What Students Can Learn By Writing For Wikipedia – WYPR

Fake news has been, well, in the news a lot lately. But for the world's largest crowdsourced encyclopedia, it's nothing new.

"Wikipedia has been dealing with fake news since it started 16 years ago," notes LiAnna Davis, deputy director of the Wiki Education Foundation.

To combat misinformation, Wikipedia has developed a robust corps of volunteer editors. Anyone can write new entries and scrutinize existing ones for adherence to Wikipedia's rules on sourcing and neutrality. While it's not free of errors or pranks, what results is a resource that 50 million people turn to daily on hundreds of thousands of topics in a few dozen languages.

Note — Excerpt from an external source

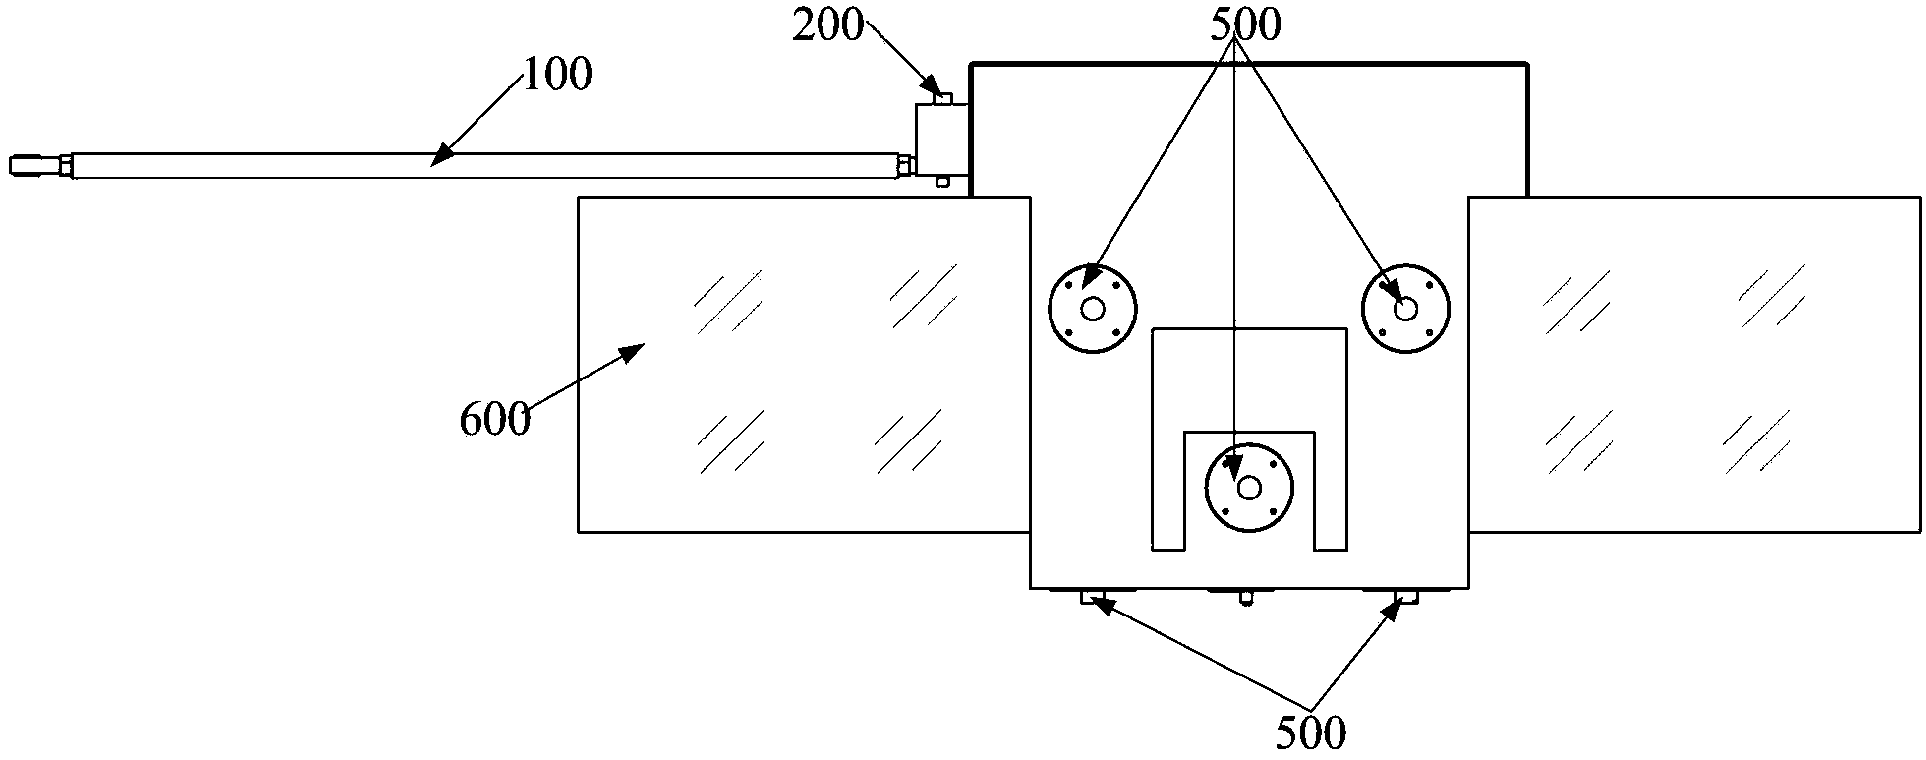 Large-area grating ruling cutter frame system

Today, educators are among those more concerned than ever with standards of truth and evidence and with the lightning-fast spread of misinformation online. And the Wiki Education Foundation, a freestanding nonprofit, is sharing Wikipedia's methods with a growing number of college students, and striking a blow for digital literacy along the way.

The foundation gives professors the technical assistance they need to assign students, instead of writing a research paper, to write a brand-new Wikipedia entry, or expand an existing entry, on any topic in virtually any discipline.

This spring, 7,500 students are expected to participate. Among the many items past students written on are:

Since the program began six years ago, Davis says, students have collectively added more than 25 million words of content to Wikipedia.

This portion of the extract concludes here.